DATASET CONTENT section start

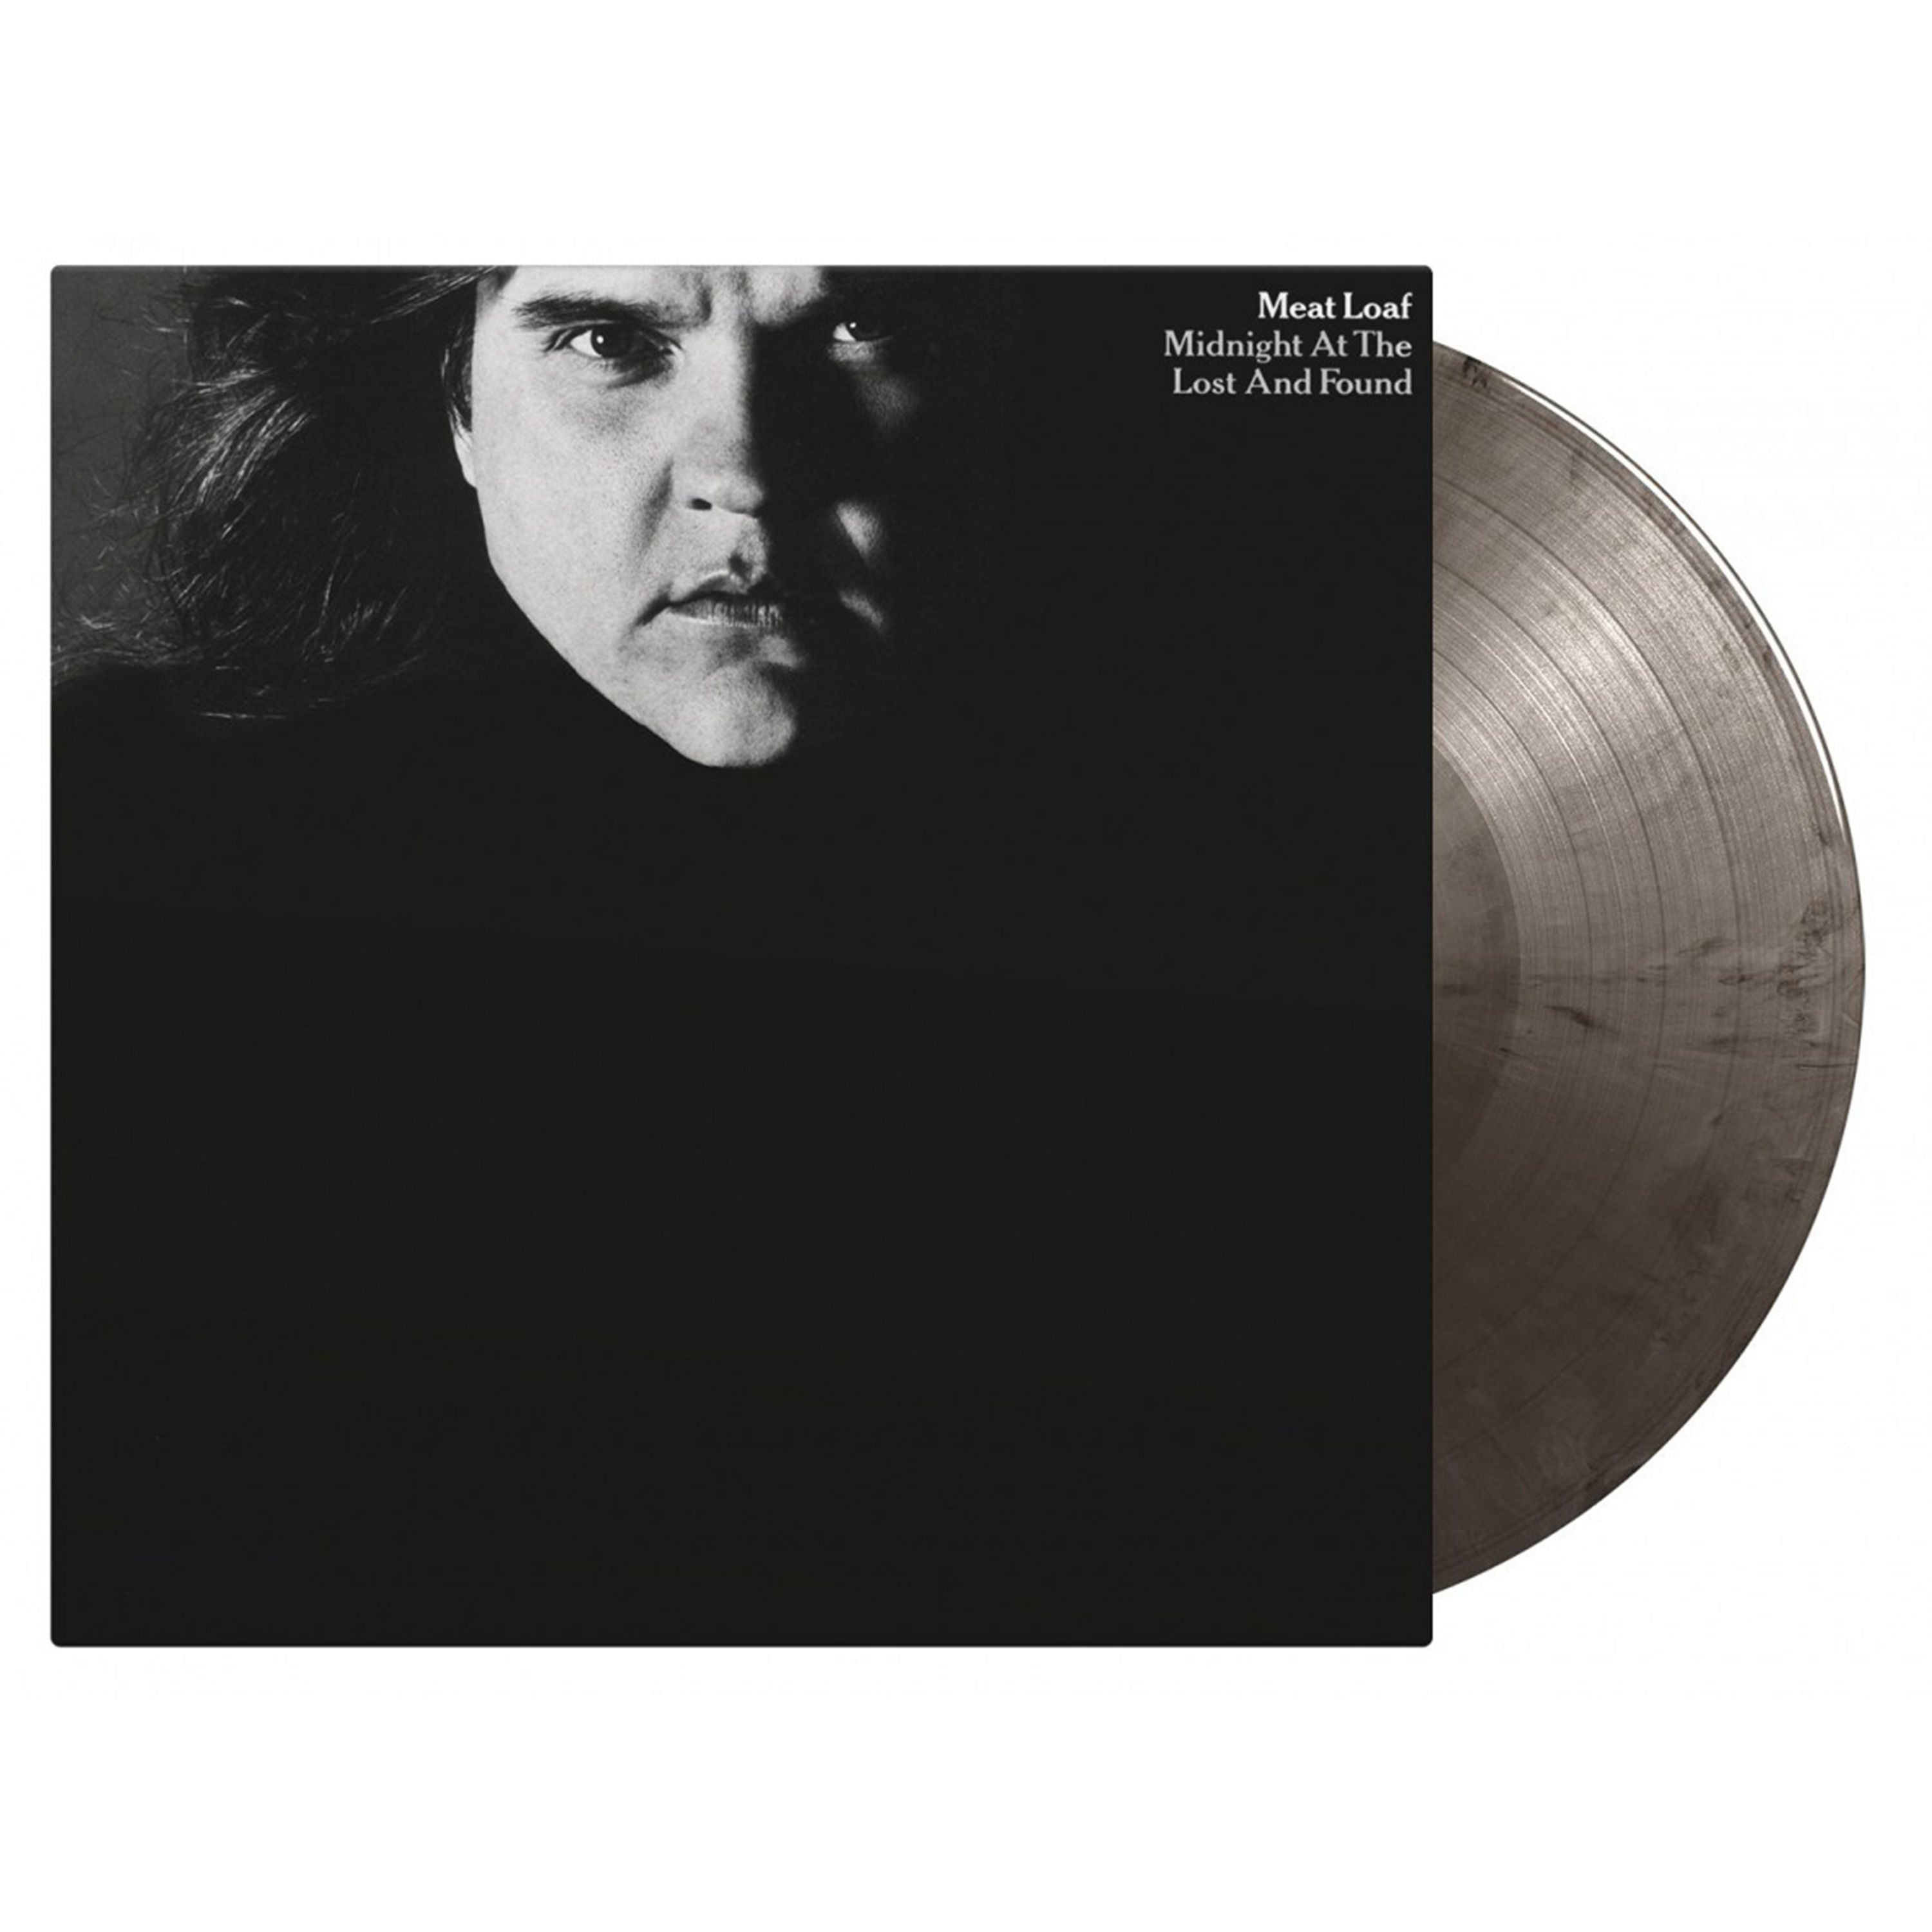 Midnight At The Lost And Found: Limited Edition Silver & Black Marbled Vinyl LP
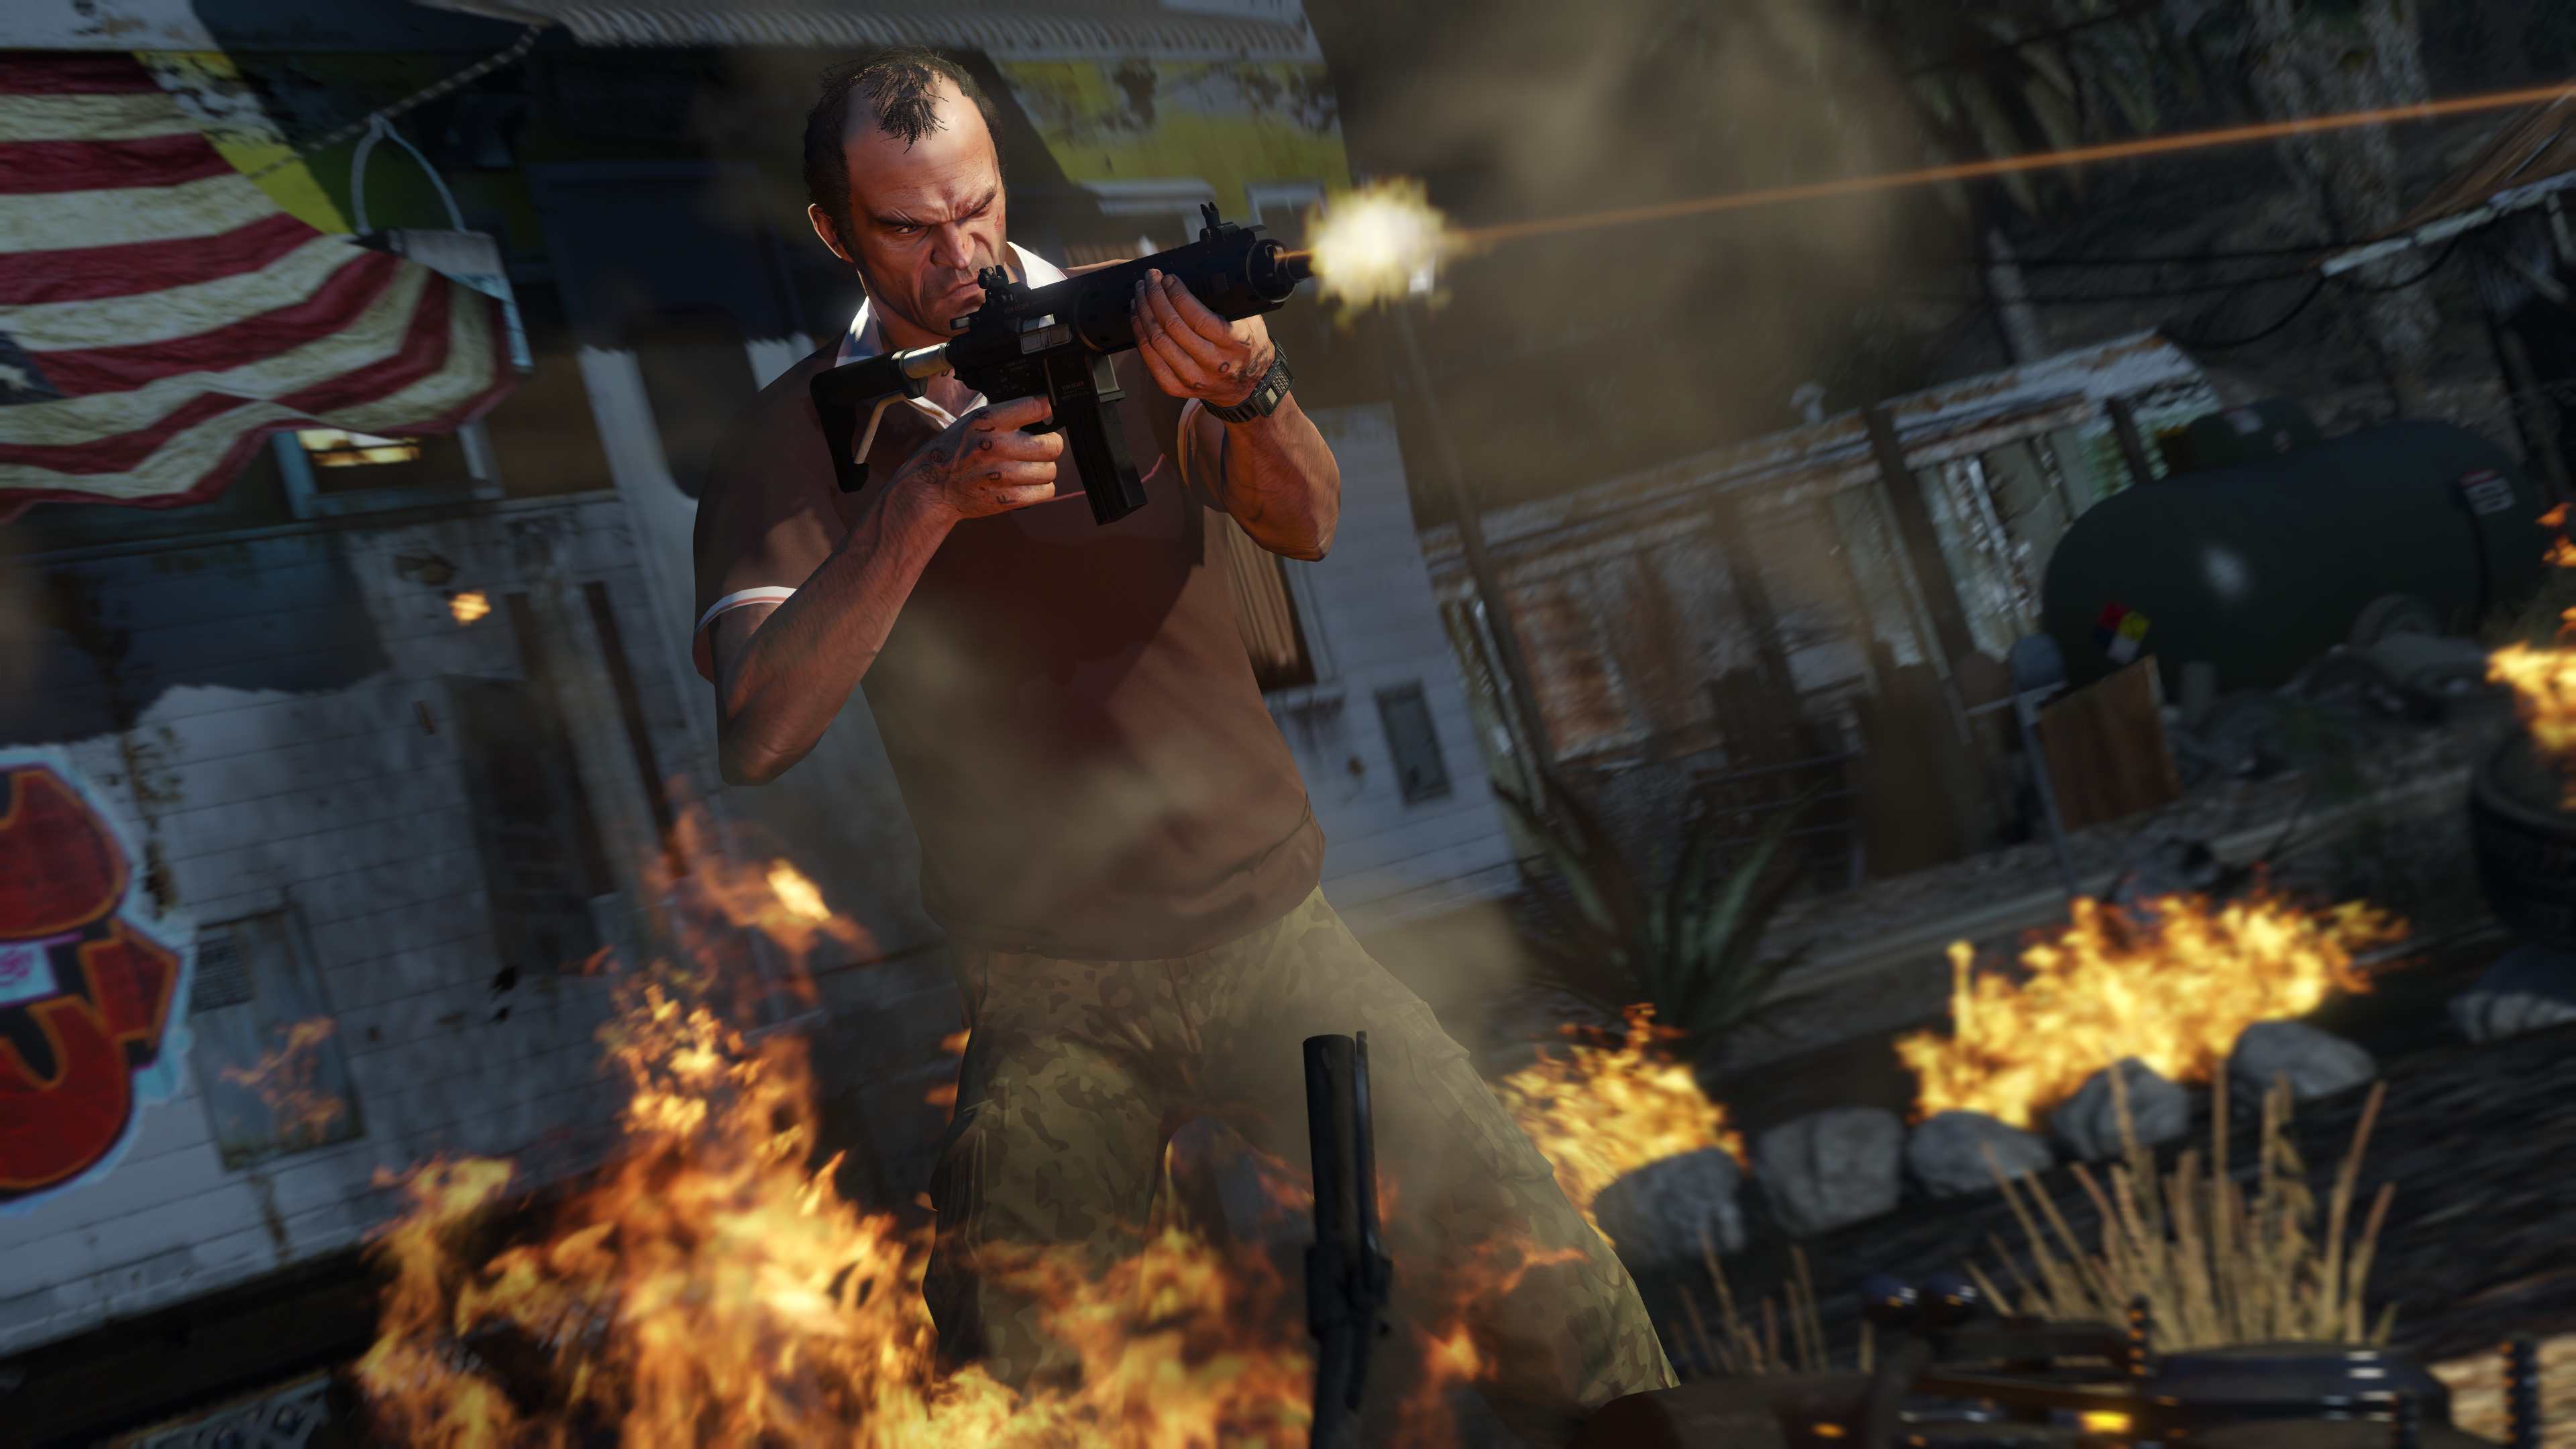  Grand Theft Auto V HQ Background Wallpapers
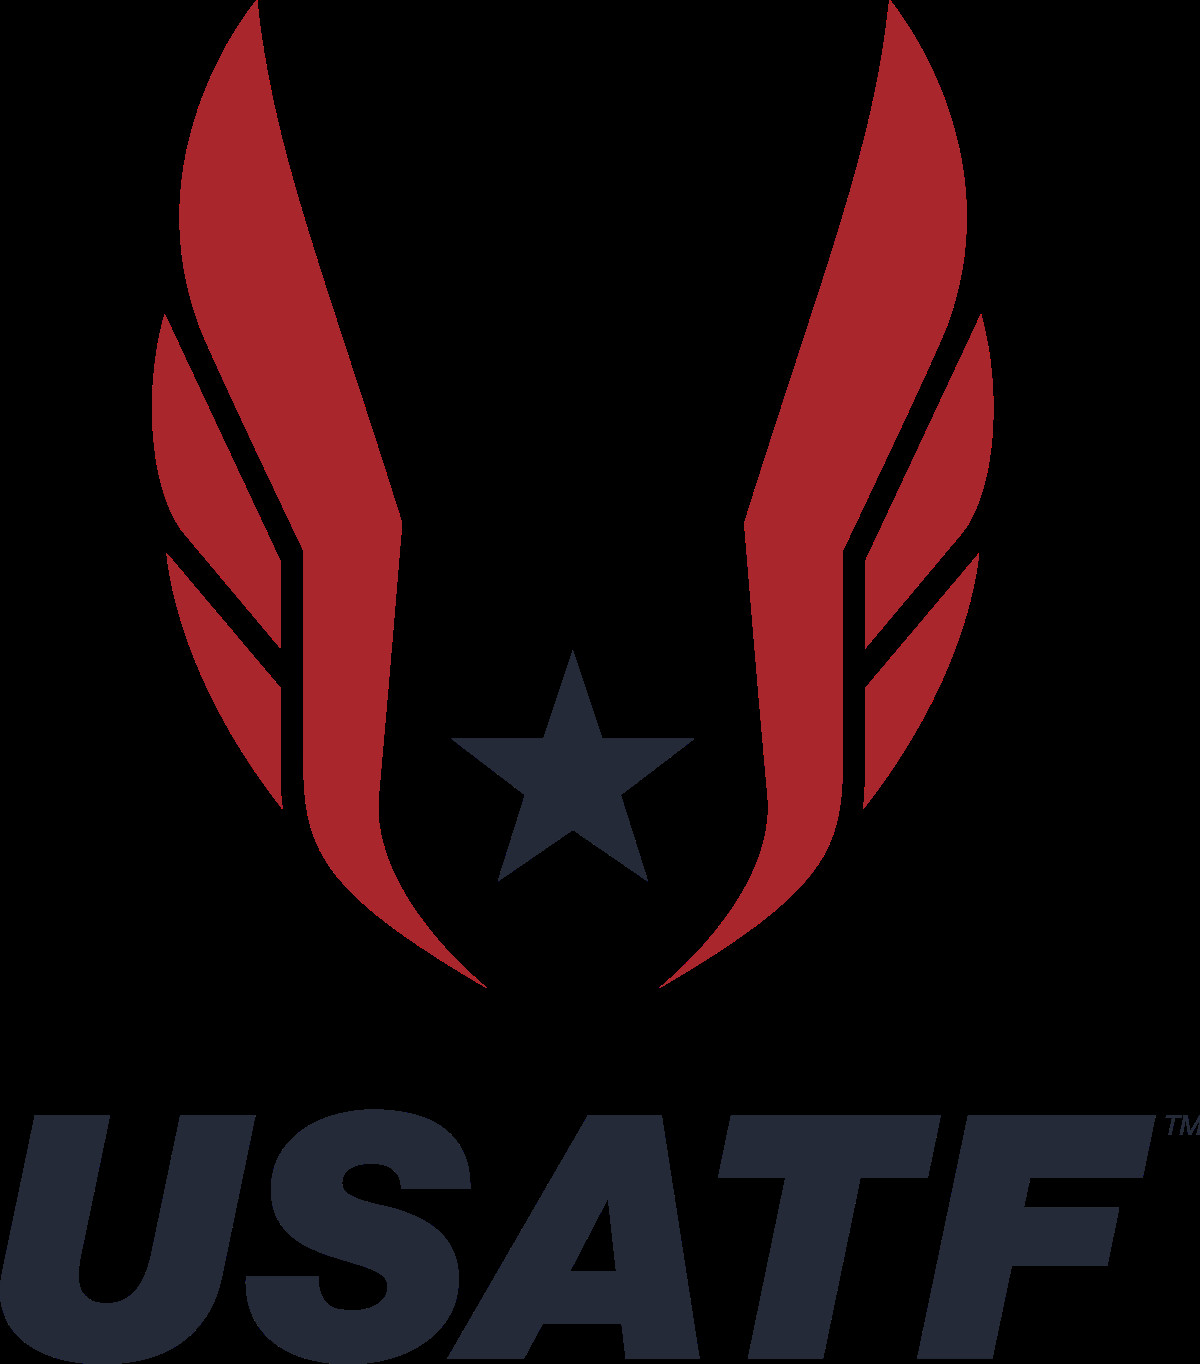 USATF Releases Itâ€™s Return To Training Guidance

DATASET CONTENT section end

The material above is to be output exactly, with each picture left out.

 Midnight At The Lost And Found: Limited Edition Silver & Black Marbled Vinyl LP
  Grand Theft Auto V HQ Background Wallpapers
 USATF Releases Itâ€™s Return To Training Guidance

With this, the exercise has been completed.